#### INFORMATION PROVIDED ####

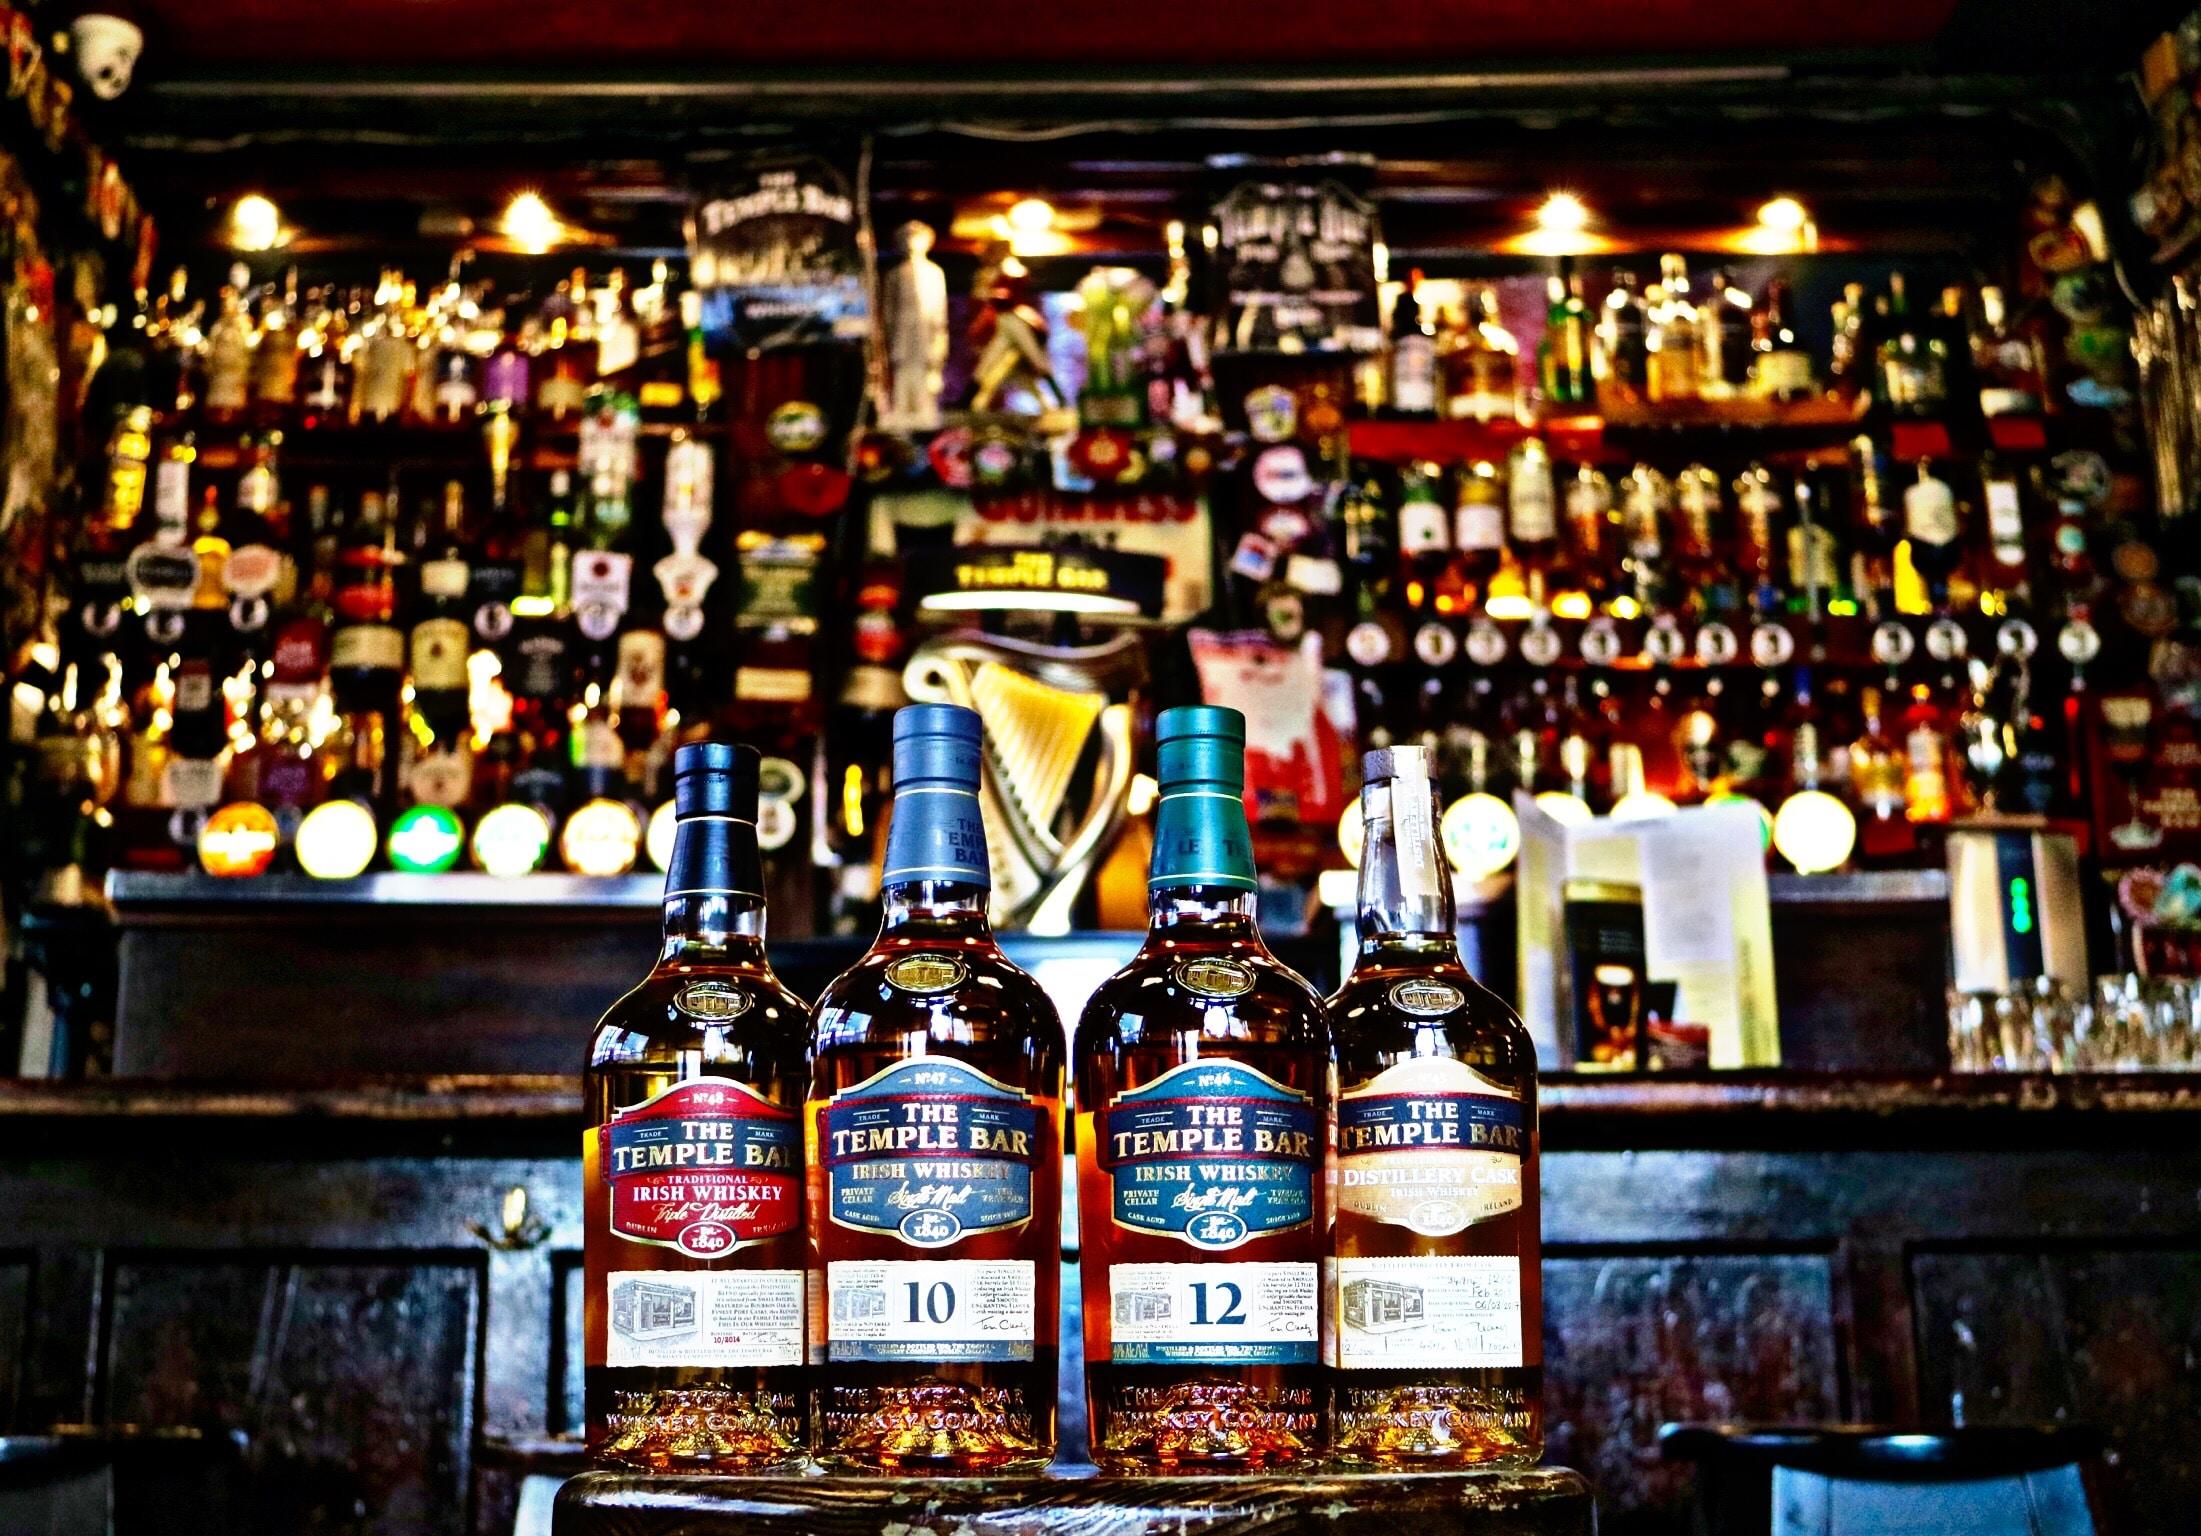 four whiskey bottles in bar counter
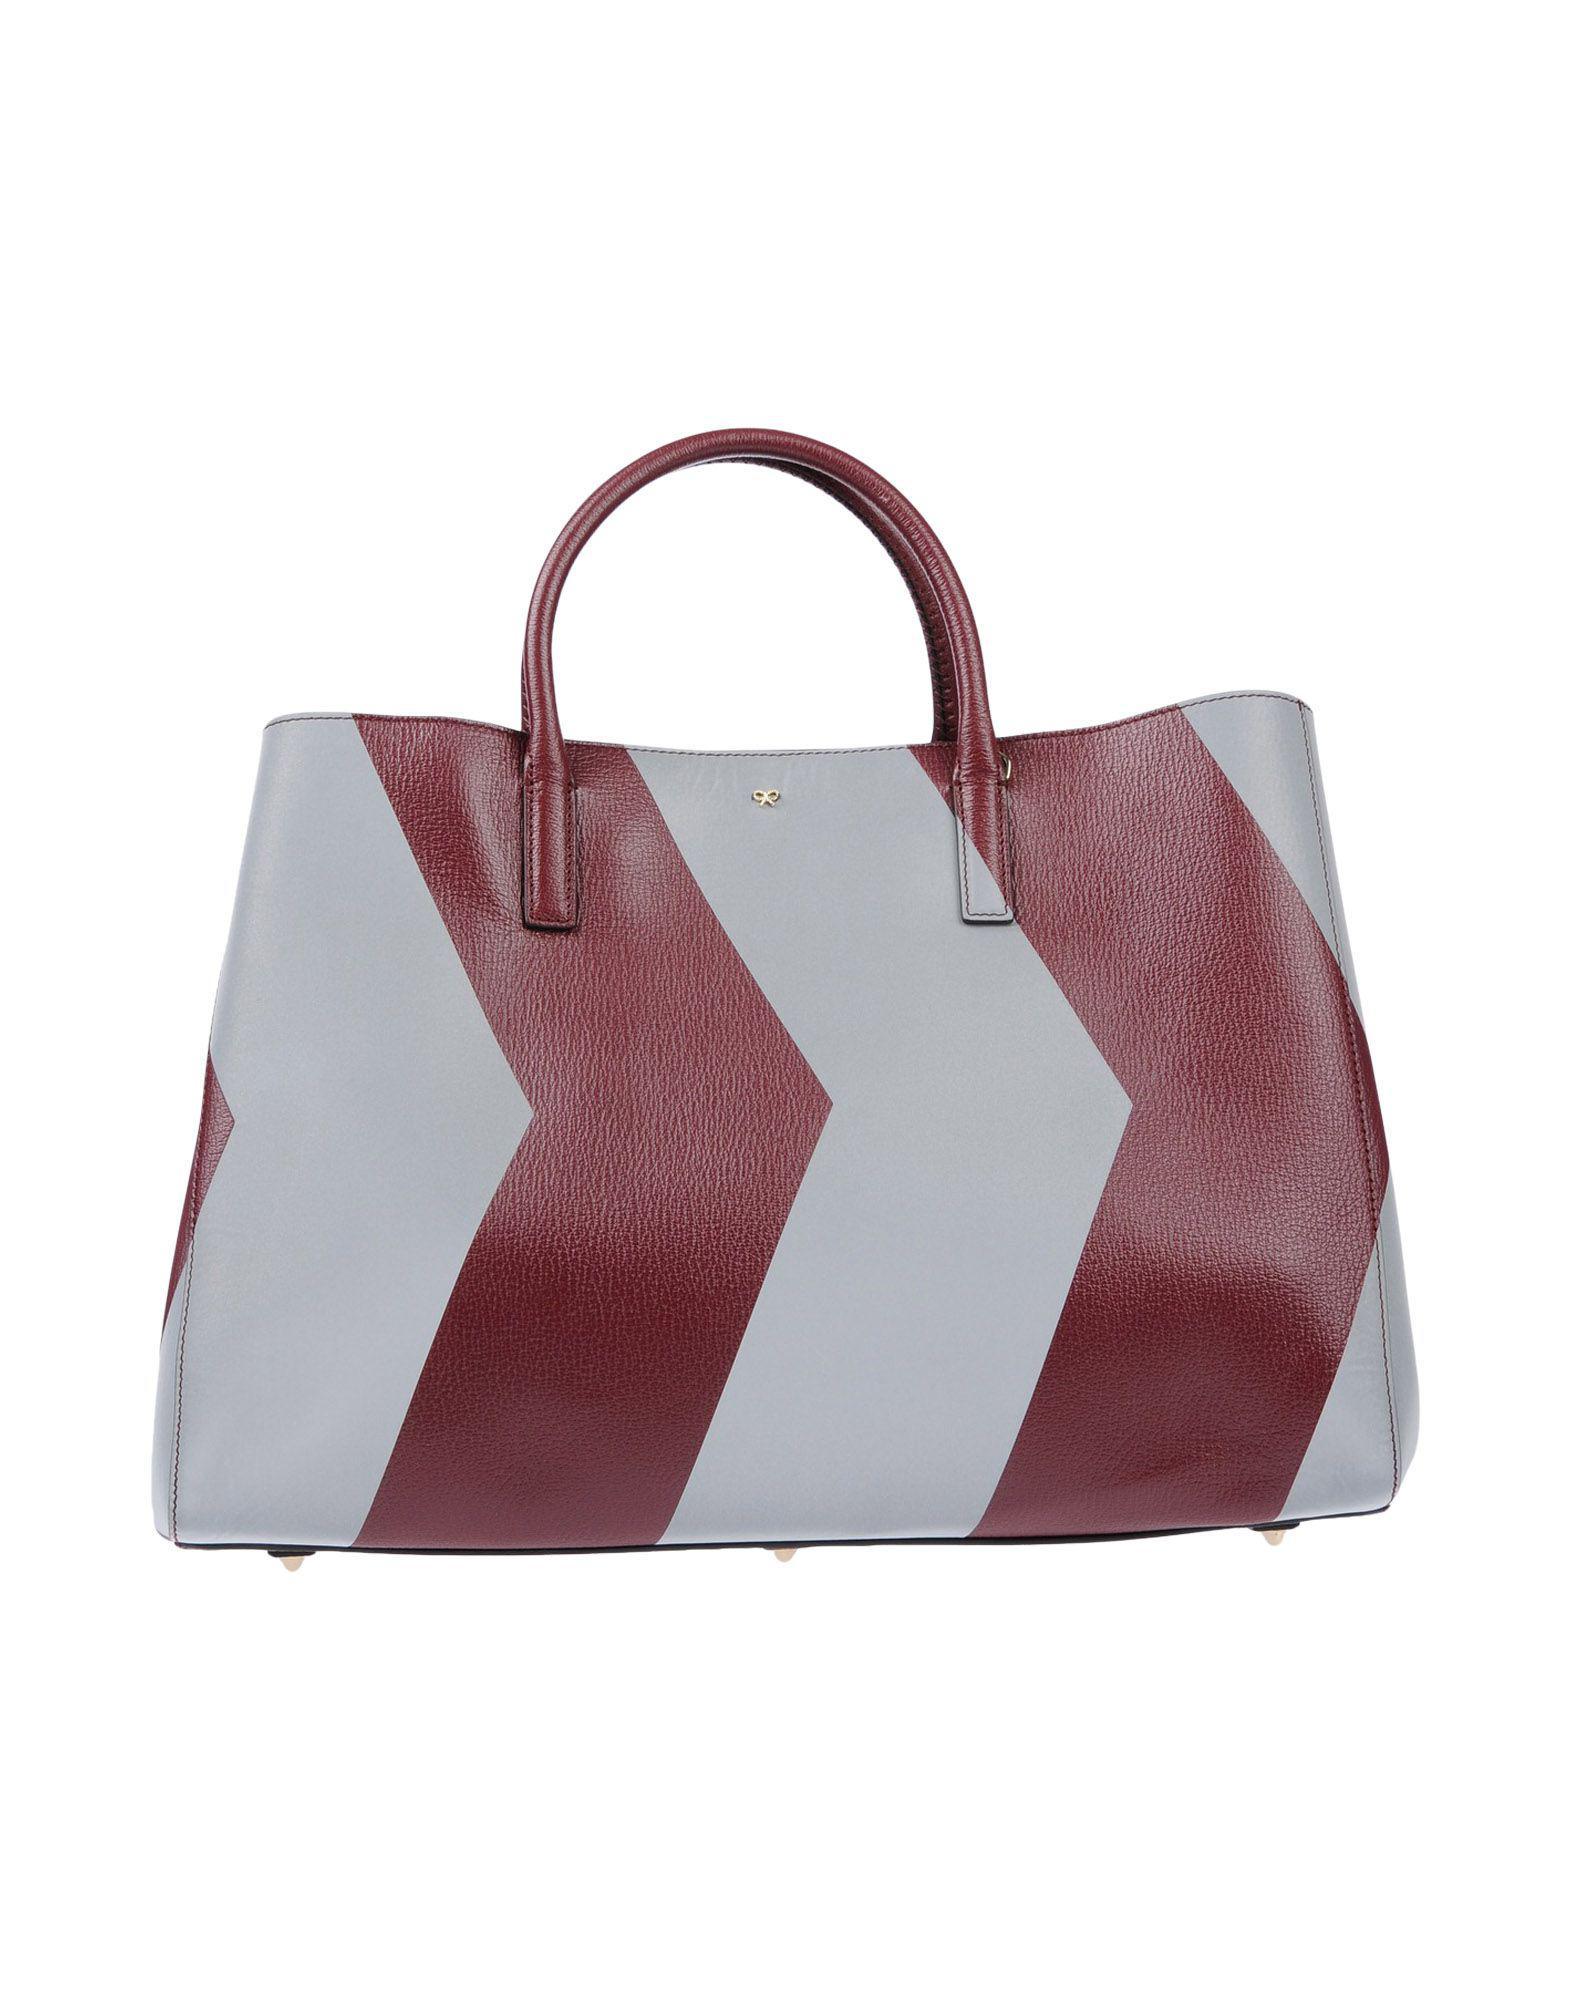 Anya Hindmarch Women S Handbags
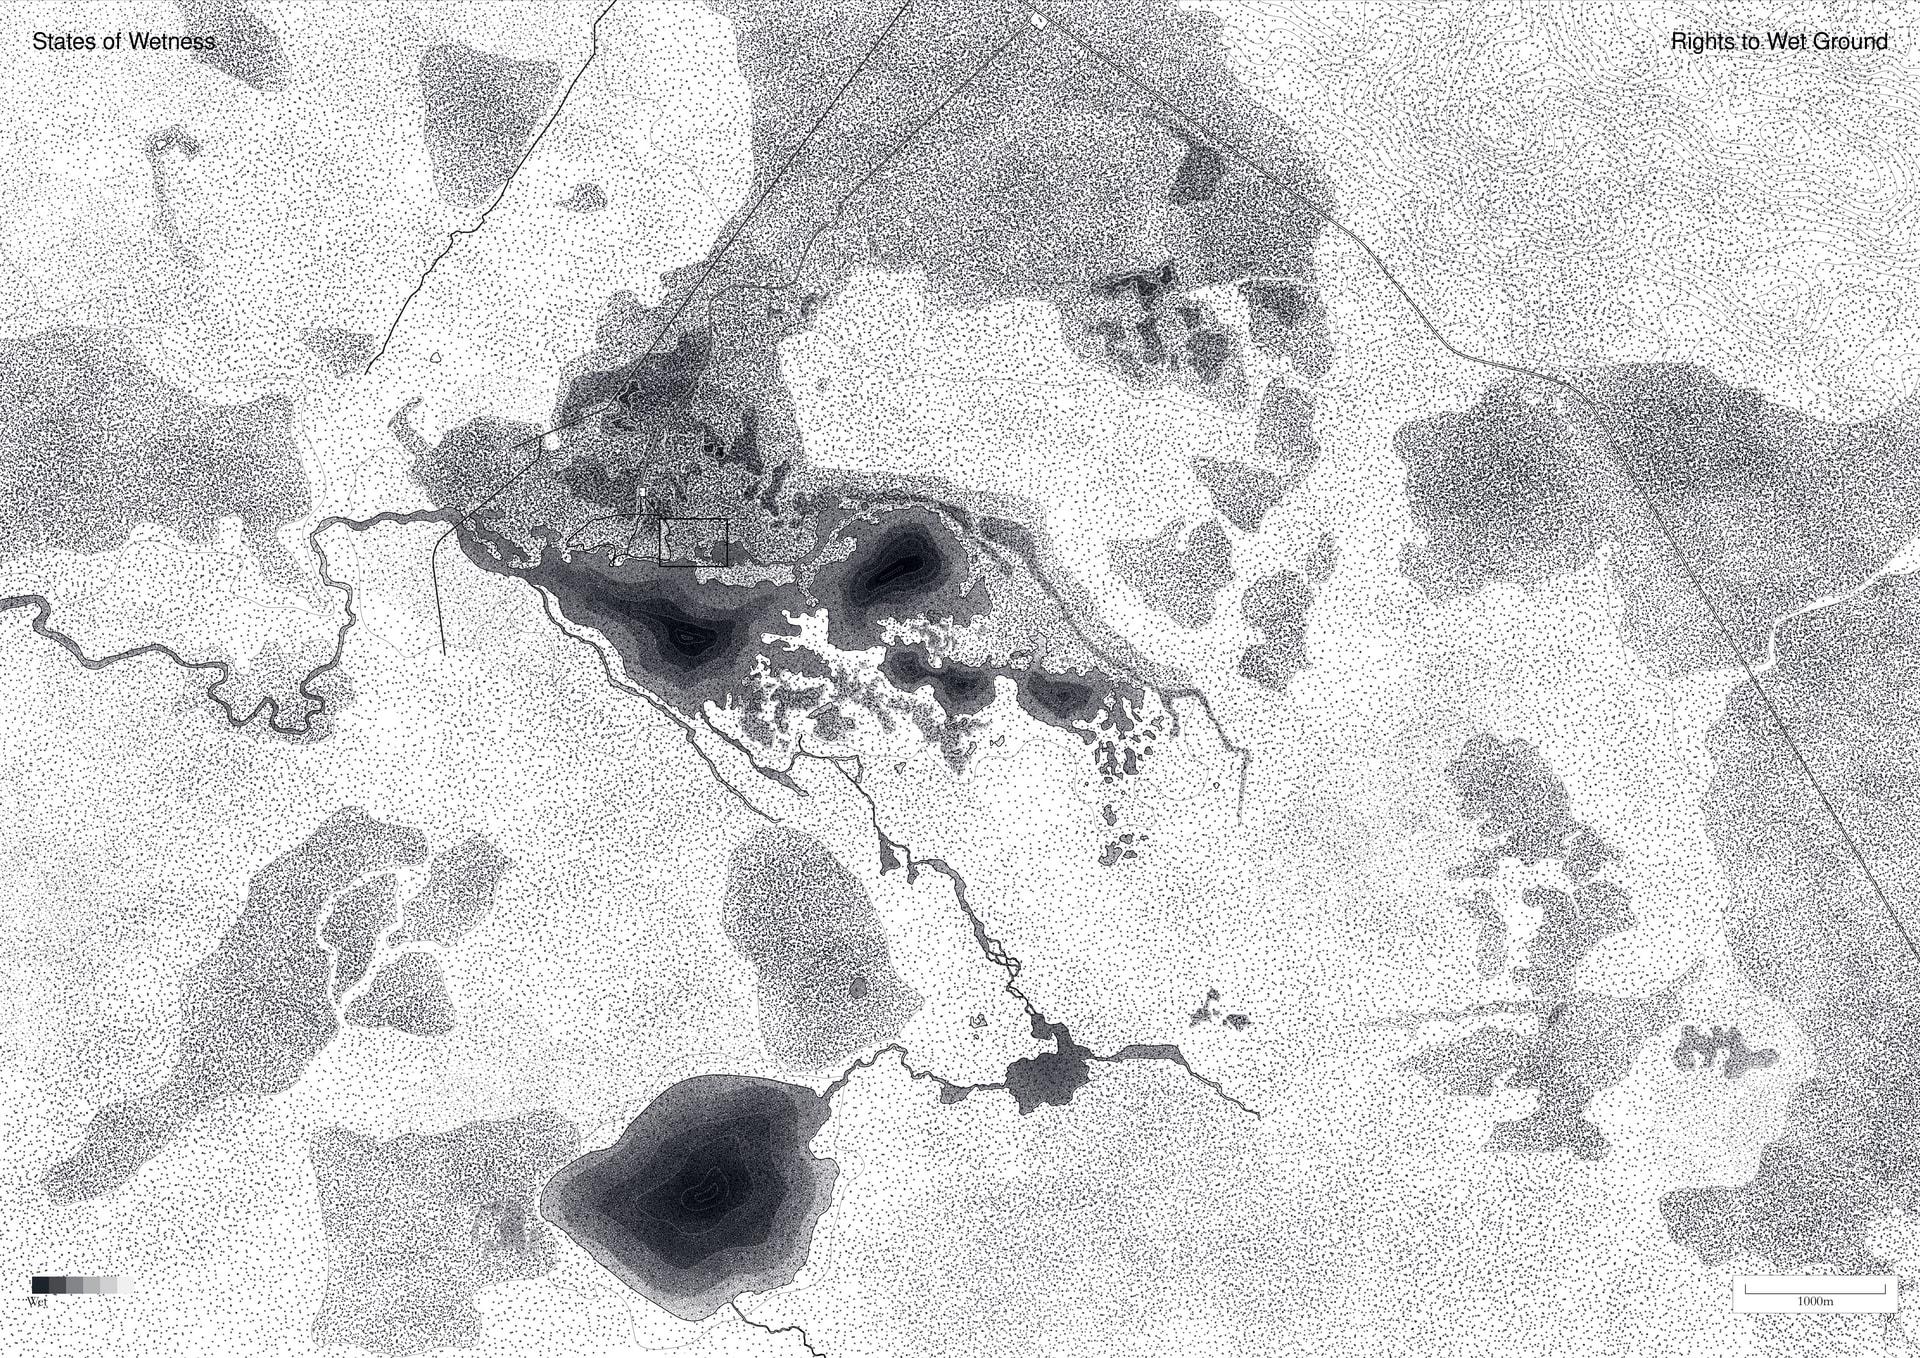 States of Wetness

####

INSTRUCTIONS TO FOLLOW: Print the listing exactly, pictures excluded.

REPLY TO THE EXERCISE:
 four whiskey bottles in bar counter
 Anya Hindmarch Women S Handbags
 States of Wetness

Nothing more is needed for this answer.